## Recorded data:
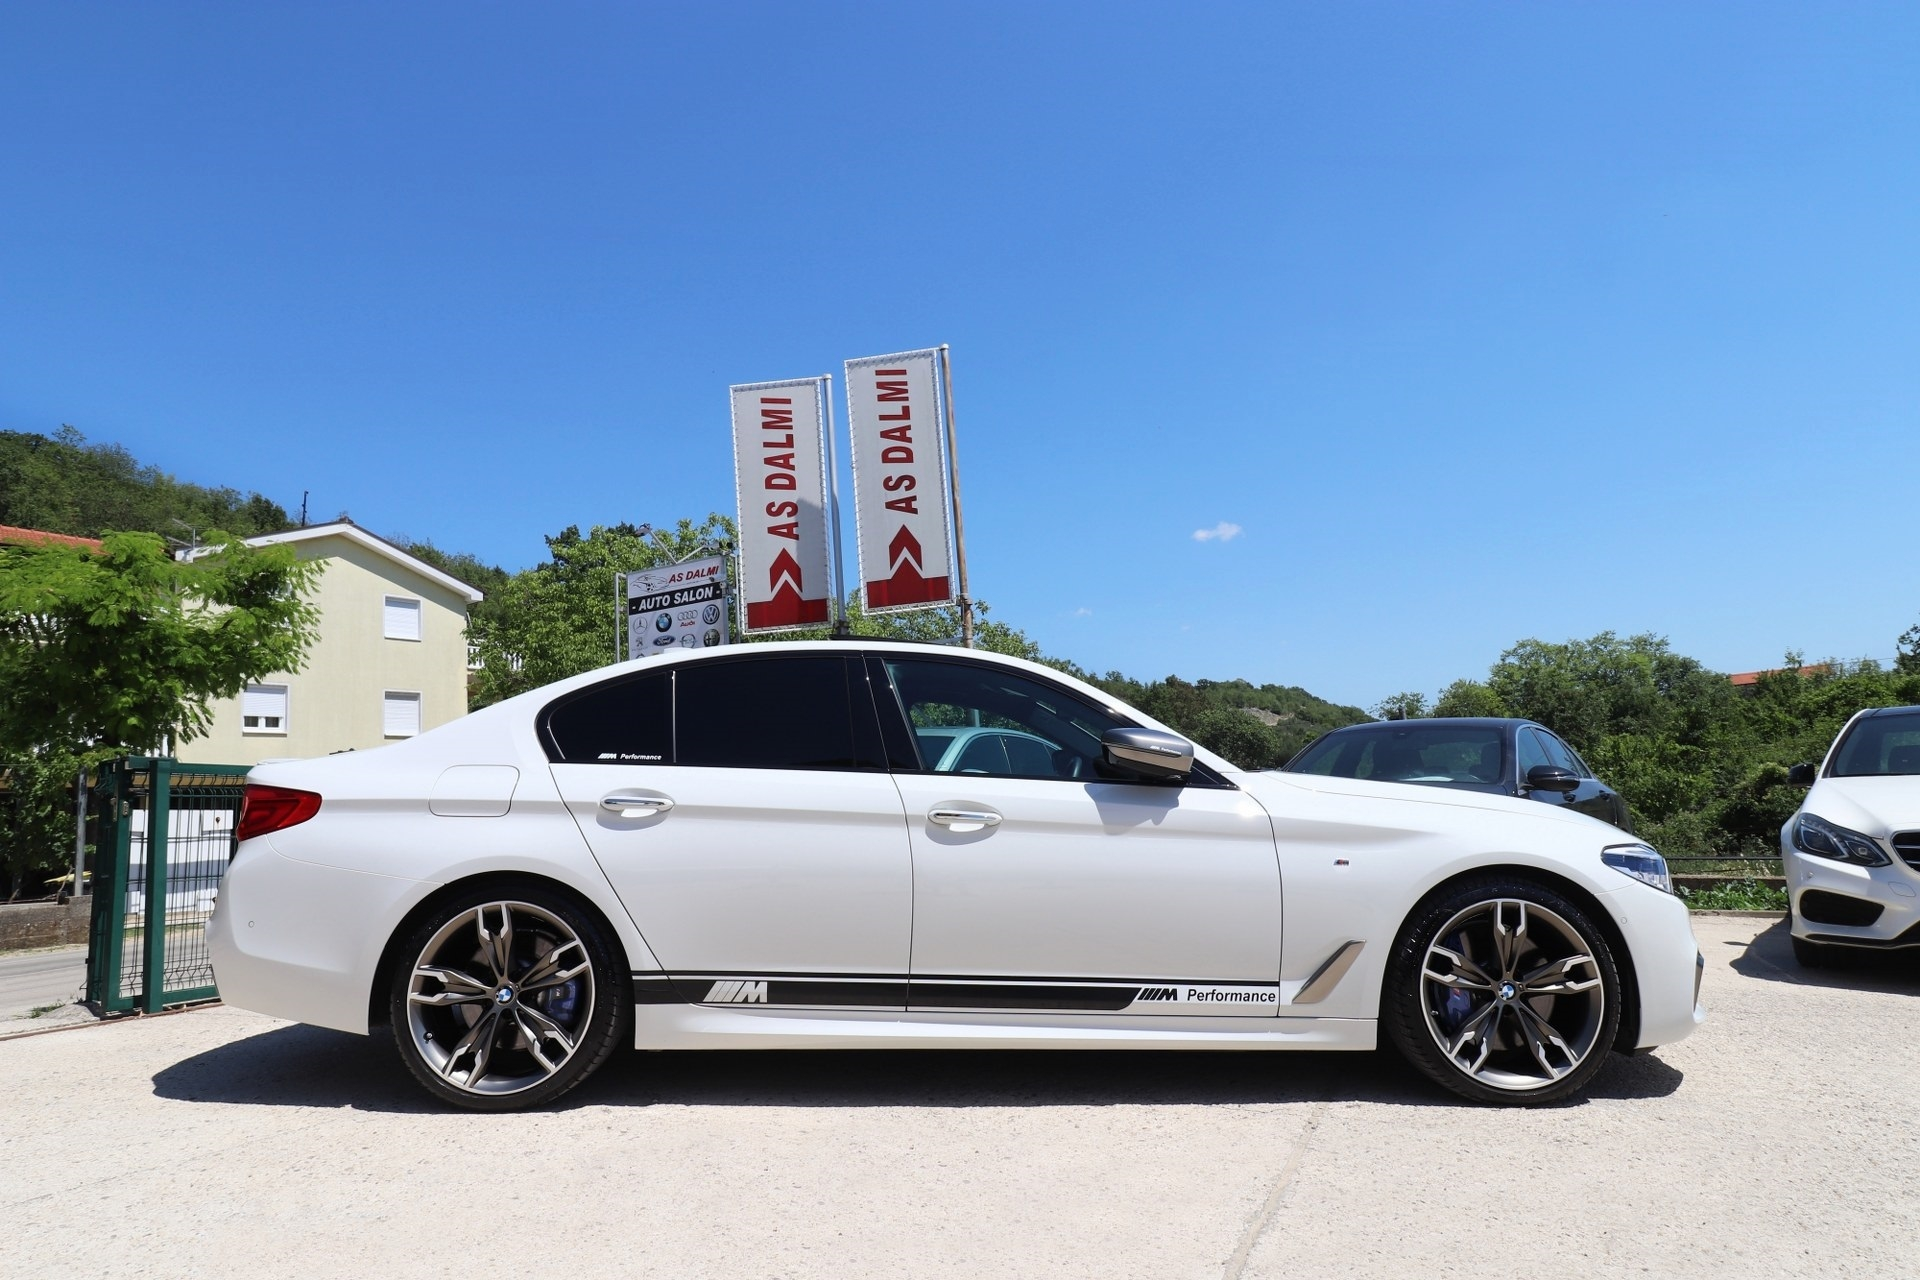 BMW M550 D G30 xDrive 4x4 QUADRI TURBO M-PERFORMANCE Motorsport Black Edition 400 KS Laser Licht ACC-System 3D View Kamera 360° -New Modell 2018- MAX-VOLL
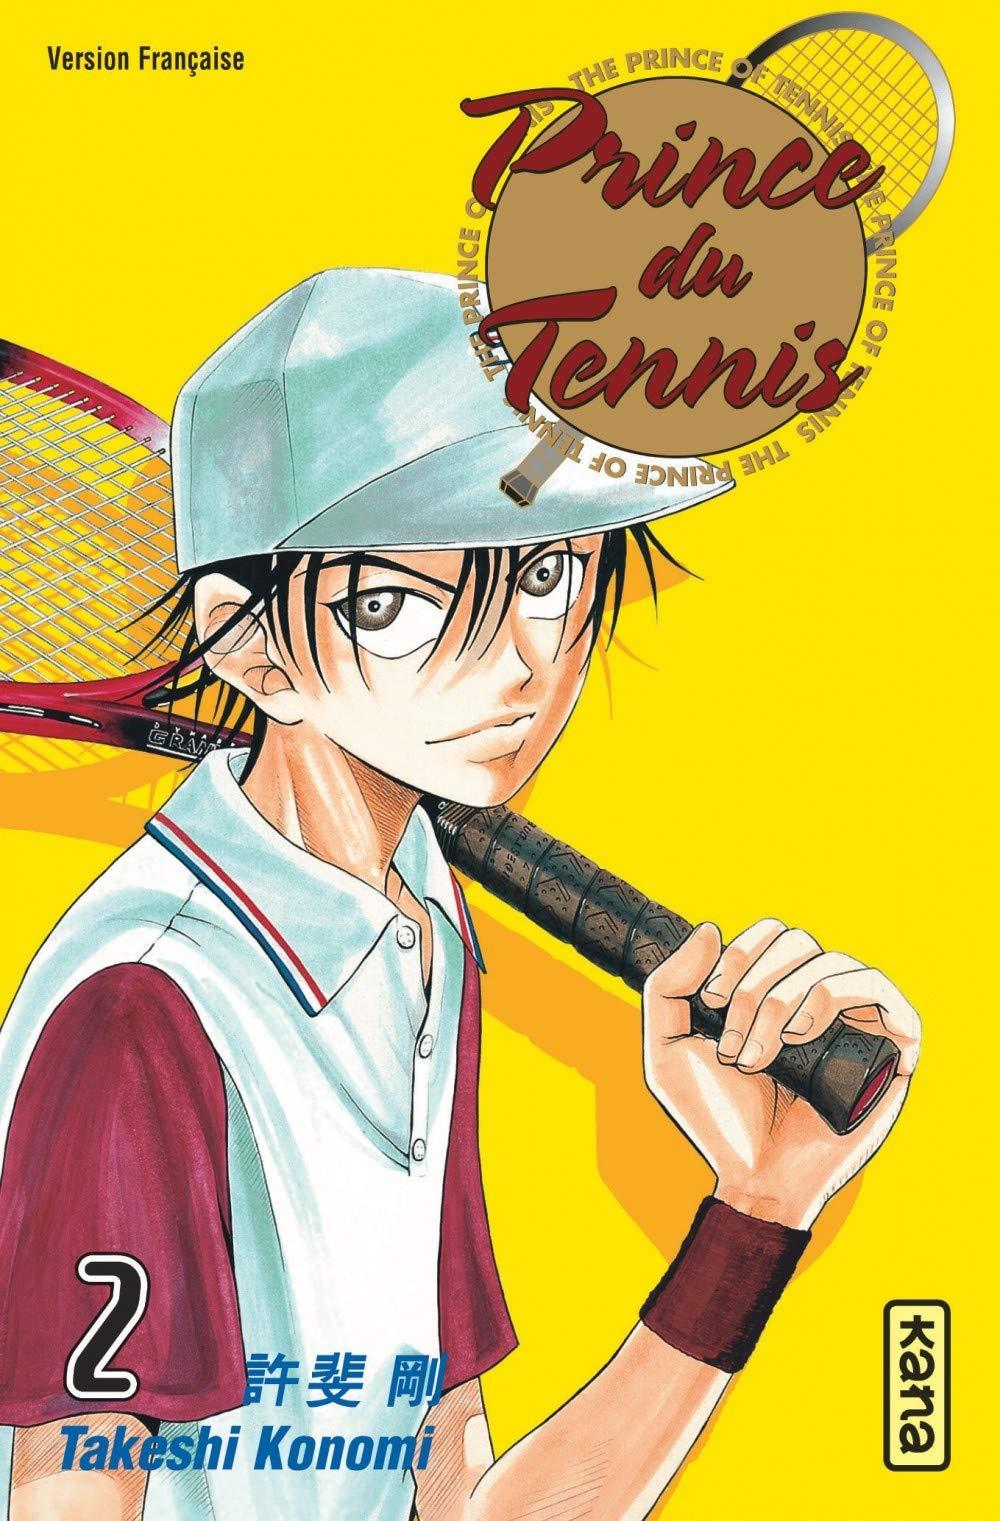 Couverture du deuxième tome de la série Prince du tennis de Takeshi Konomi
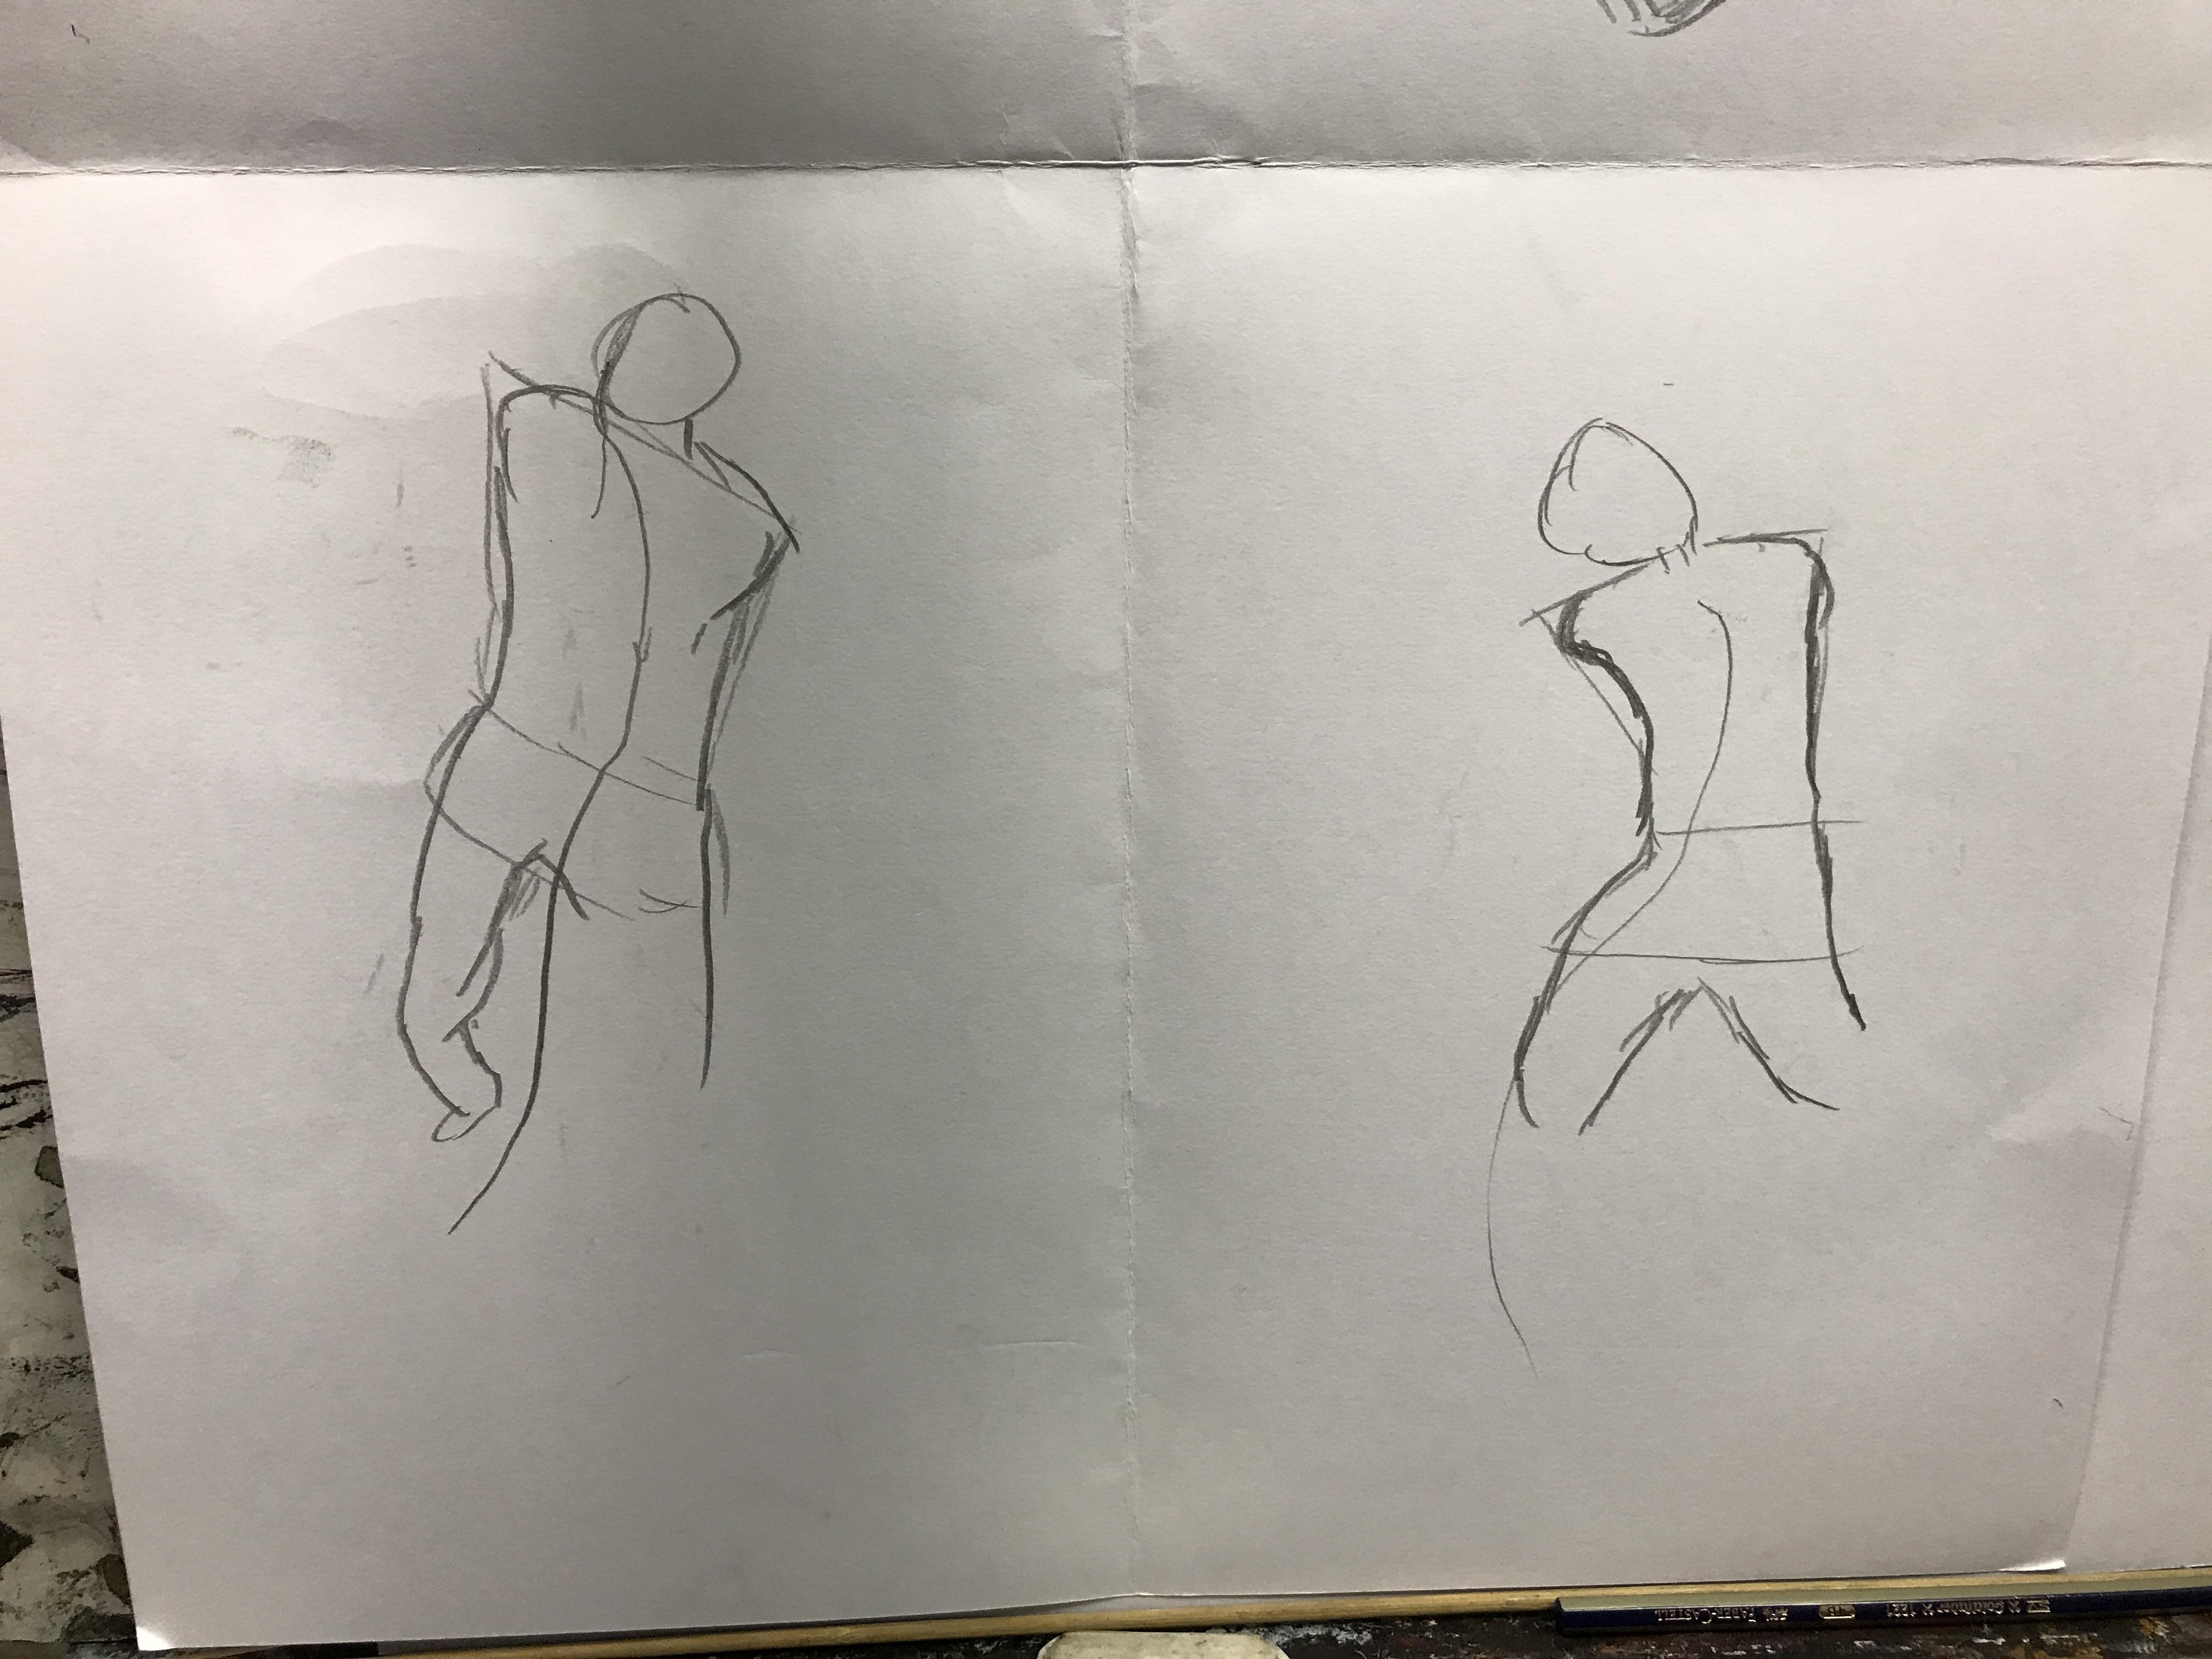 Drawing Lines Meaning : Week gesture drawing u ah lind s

## To do:
The answer is to be the lines from the line that contains "Couverture du deuxième" through the last line of the material, retyped exactly, both included, with pictures left out, please.

## Output of the task:
 Couverture du deuxième tome de la série Prince du tennis de Takeshi Konomi
 Drawing Lines Meaning : Week gesture drawing u ah lind s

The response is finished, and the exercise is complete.